FIG. 4A illustrates the state in which neither of the first duct 18 and the fourth duct 19 is blocked by the valve 15. FIG. 4B illustrates the state in which the valve 15 blocks the fourth duct 19 to select the first duct 18. FIG. 4C illustrates the state in which the valve 15 blocks the first duct 18 to select the fourth duct 19. The valve 15 is a mechanism for controlling the flow of the gas that is exhausted from the drying unit 5. The valve 15 controls an operation of supplying the gas from the drying unit 5 to the recording unit 4. The valve 15 can be rotated about a support shaft by a switching mechanism 33 including a motor and a gear. The rotation of the valve 15 is controlled by the control unit 7. One of the states illustrated in FIGS. 4B and 4C is selected.
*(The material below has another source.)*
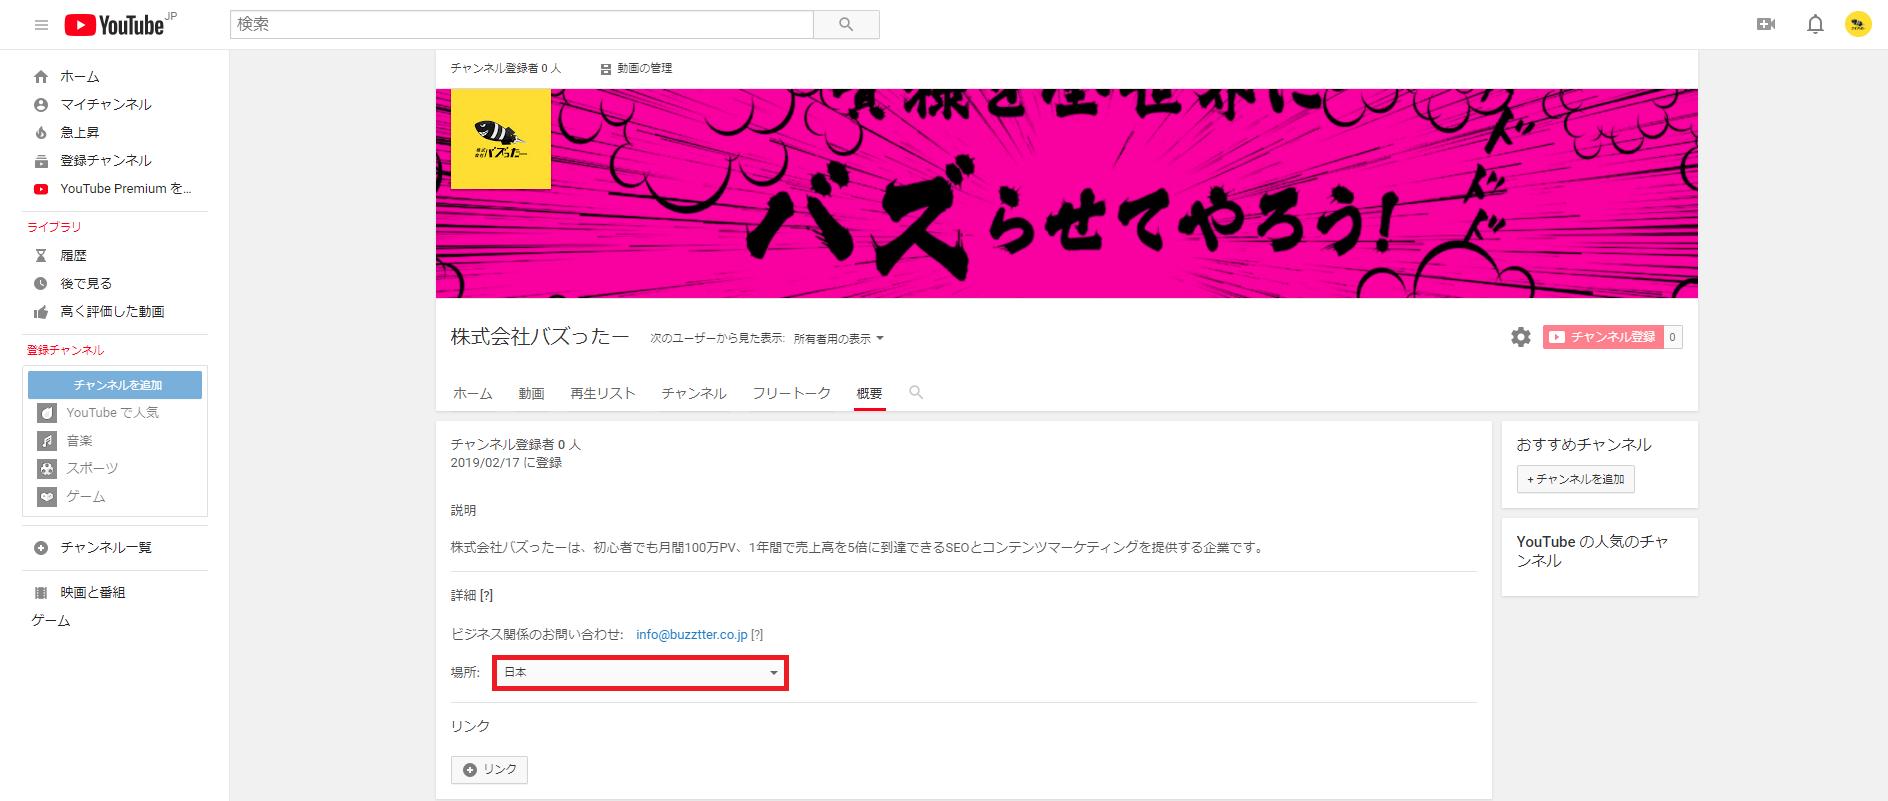 YouTube ブランドアカウント 作成-13

The state of the valve 15 is determined by a sensor 34 (photo interrupter or the like) that detects a rotational phase of the switching mechanism 33. Thus, the first duct 18 and the fourth duct 19 included in the exhaust duct 10 are arranged adjacent to each other, and one of the first and fourth ducts 18 and 19 is selected as a path through which the gas is to be exhausted in accordance with the rotation of a single valve 15. Therefore, the switching operation can be quickly performed by a simple structure.

FIG. 5 is a diagram illustrating the manner in which the recording unit 4, the drying unit 5, and the humidifying unit 17 are connected to each other with the ducts. The humidifying unit 17 generates humidified gas (humidified air) and supplies the humidified gas to an area around the nozzle rows in the recording heads 2. End portions of the nozzles are humidified by the humidified gas that flows by the nozzles, and accordingly the evaporation and drying of the ink in the nozzles can be reduced. Therefore, even if the time in which the nozzles have not been used is long, ejection failure due to sticking of the ink in the nozzles can be prevented.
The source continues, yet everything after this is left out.